Under the agreement, only concentrate made exclusively from U.S. oranges is allowed to skirt the tariff, and South Korean officials suspected some of the oranges blended into the concentrate were from another country.

“Oranges that came in from Brazil and then went to Korea wouldn’t qualify,” said Mike Sparks, CEO of Florida Citrus Mutual, a trade group.

One possible reason for the concern, said industry officials, is the link between citrus companies in Brazil and Florida. At least three companies in the state are tied to Brazil, and U.S. industry officials said it’s not uncommon to have juice that’s a blend of oranges from different countries.

Sparks said American citrus companies have provided proof that the concentrate going to South Korea is solely of U.S. origin, but to little avail.

What’s worse, he said, is that South Korea has threatened to retroactively seek tariffs on past sales if customs officials find evidence that foreign oranges were used in the concentrate.

“Obviously, that has scared us to death,” Sparks said.

The tough tactics have made U.S. exporters reluctant to ship concentrate to South Korea. Overseas sales have fallen by millions of dollars since last spring, said Sparks, though neither he nor government officials provided specific figures.

Meanwhile, anxiety is growing over the possibility of a long standoff.

“The sooner we resolve this, the absolute better,” he said.

To do that, the industry has asked U.S. policymakers for help. A spokeswoman for the Office of the U.S. Trade Representative, which negotiates foreign business deals for the administration, said the agency has pressed South Korea for answers.

“We have serious concerns with some of the methods (the Korea Customs Service has) used in this product verification, which appear excessive and (do) not give sufficient weight to some of the evidence of origin the U.S. exporters have submitted,” wrote Anne Eisenhower, of the trade-representative office.

Industry executives said South Korea is balking at accepting government papers they said would validate the concentrate’s U.S. origin, so citrus companies and their allies are looking for other ways to convince them.

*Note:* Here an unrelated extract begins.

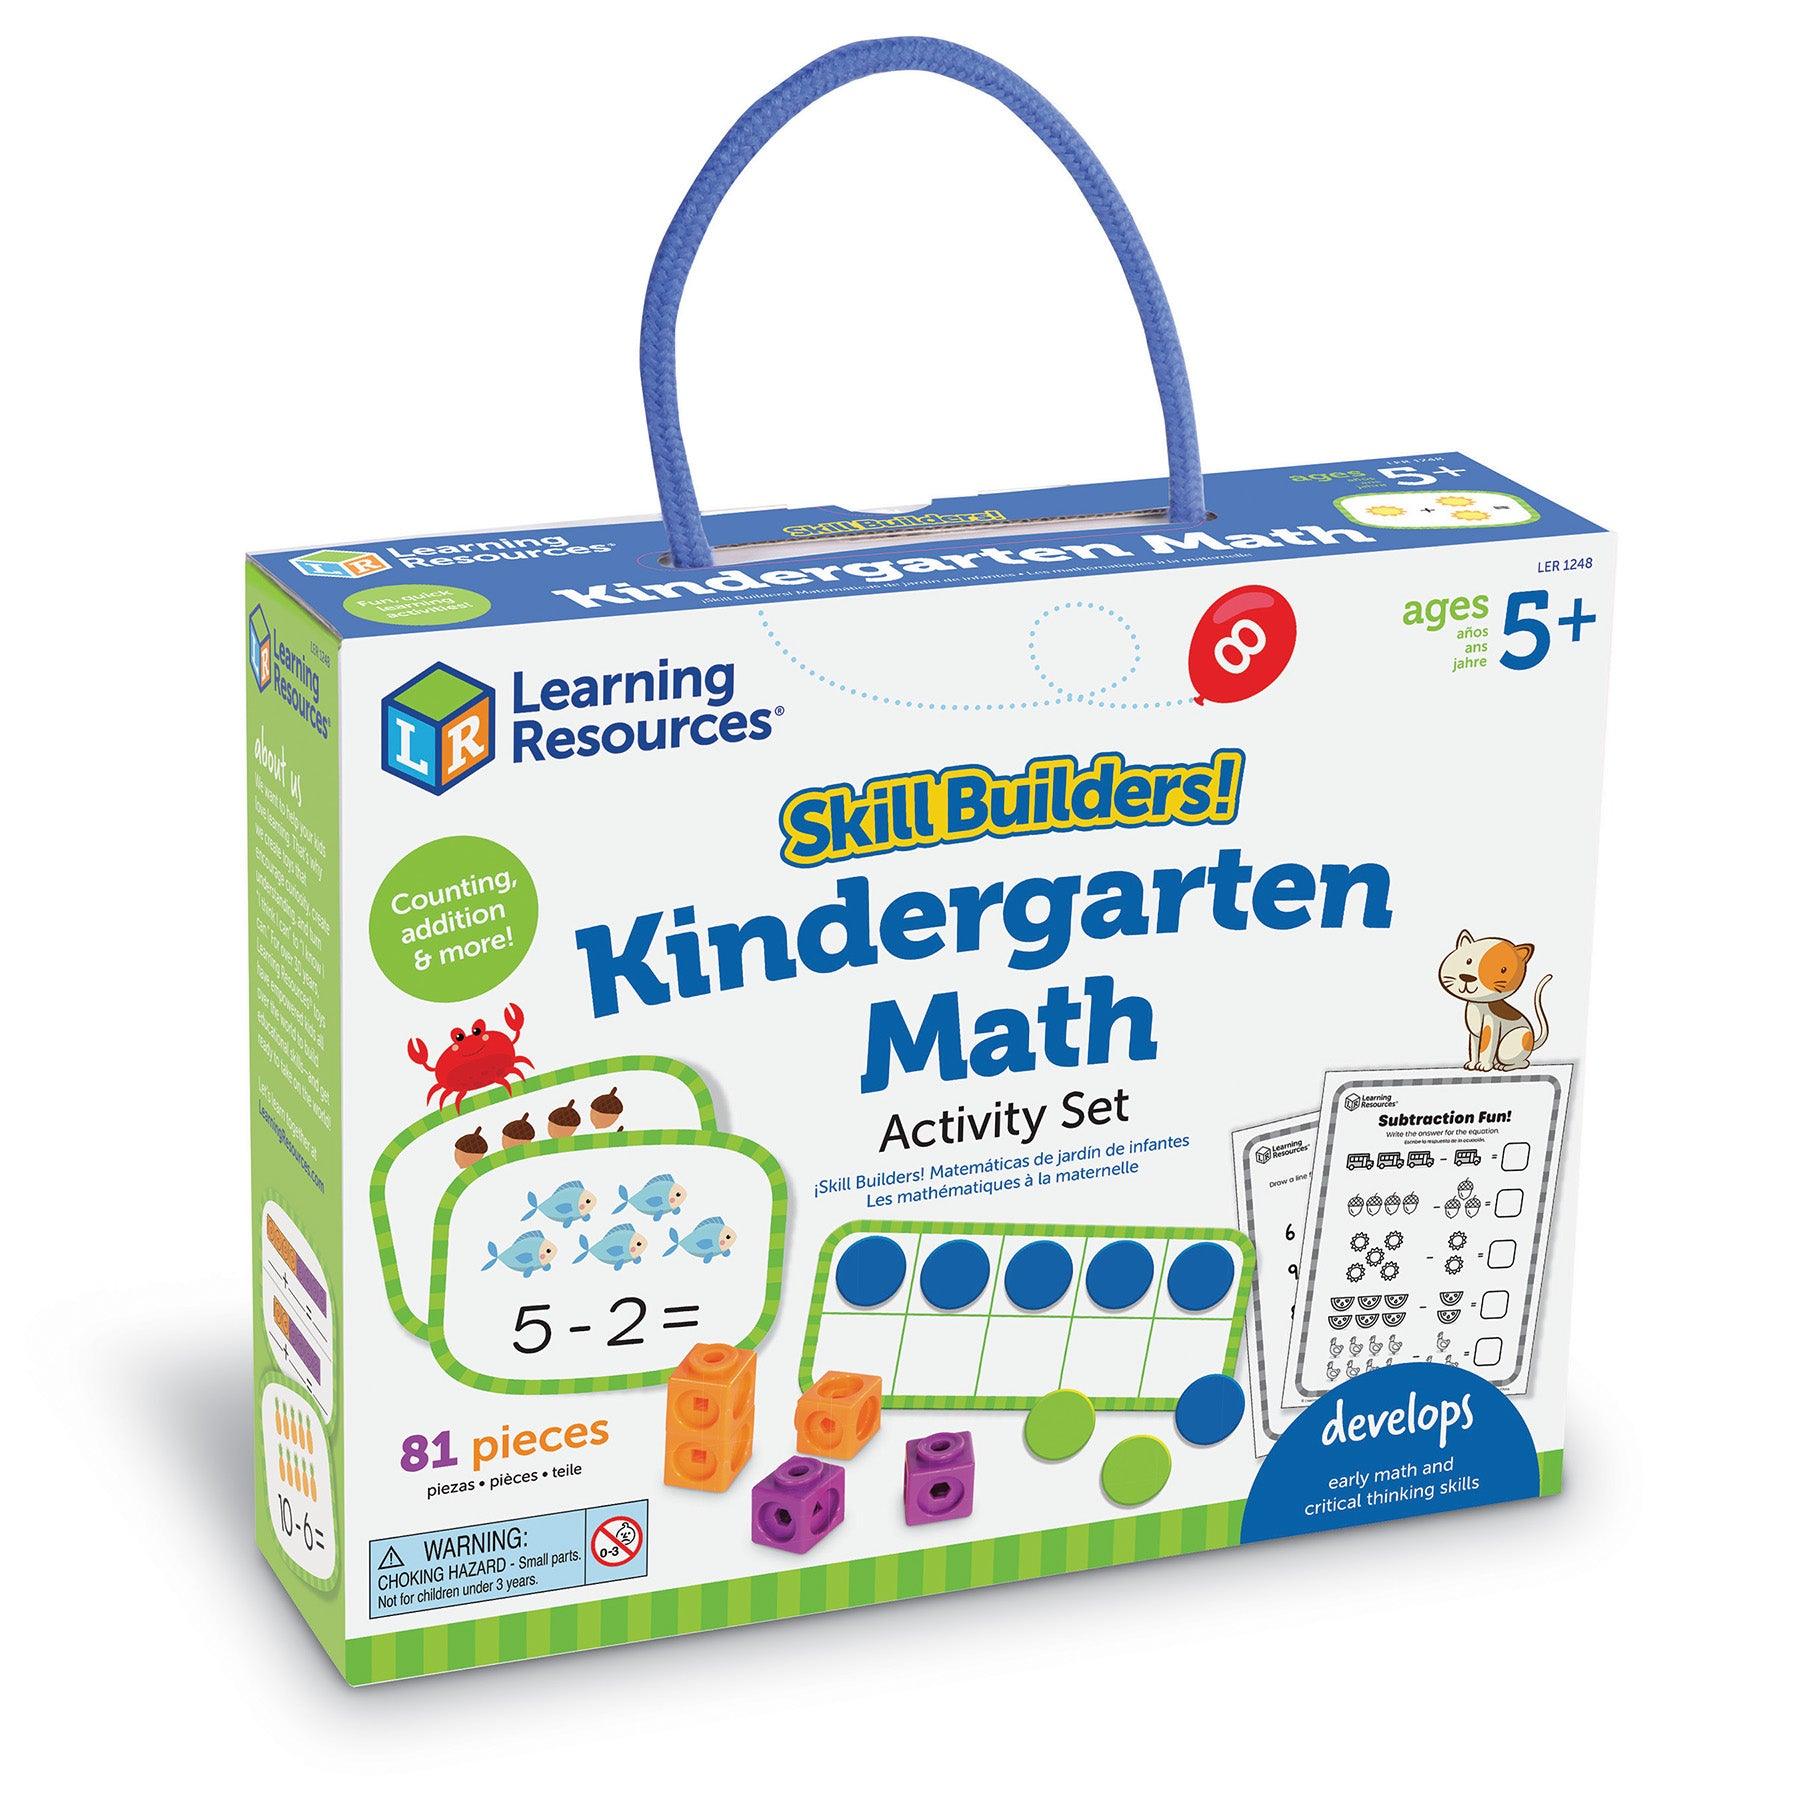 Skill Builders! Kindergarten Math - Loomini

To help fast-track the issue, U.S. Senator Marco Rubio (R-FL) recently sent a letter to South Korean Ambassador Ahn Ho-young that included an invitation for South Korean officials to tour Florida facilities.

“Our industry believes that any outstanding issues can be resolved by on-site examination and documentation, so any remaining questions can be resolved expeditiously,” Rubio wrote.

Officials at the South Korean Embassy in Washington did not respond to requests seeking comment.

The feud with South Korea comes during a tough stretch for Florida’s orange industry. Production is falling because citrus greening has ravaged the state’s groves. A January report from the U.S. Department of Agriculture forecast that U.S. production of orange juice would fall 12 percent, to 550,000 tons, in the 2013-14 season largely because of the disease.

An attorney for Florida Citrus Mutual said U.S. officials must help resolve the trade dispute with South Korea as quickly as possible.

“This new market is extremely important for the growers and processors of Florida,” said attorney Matt McGrath. “Especially under the current circumstances.”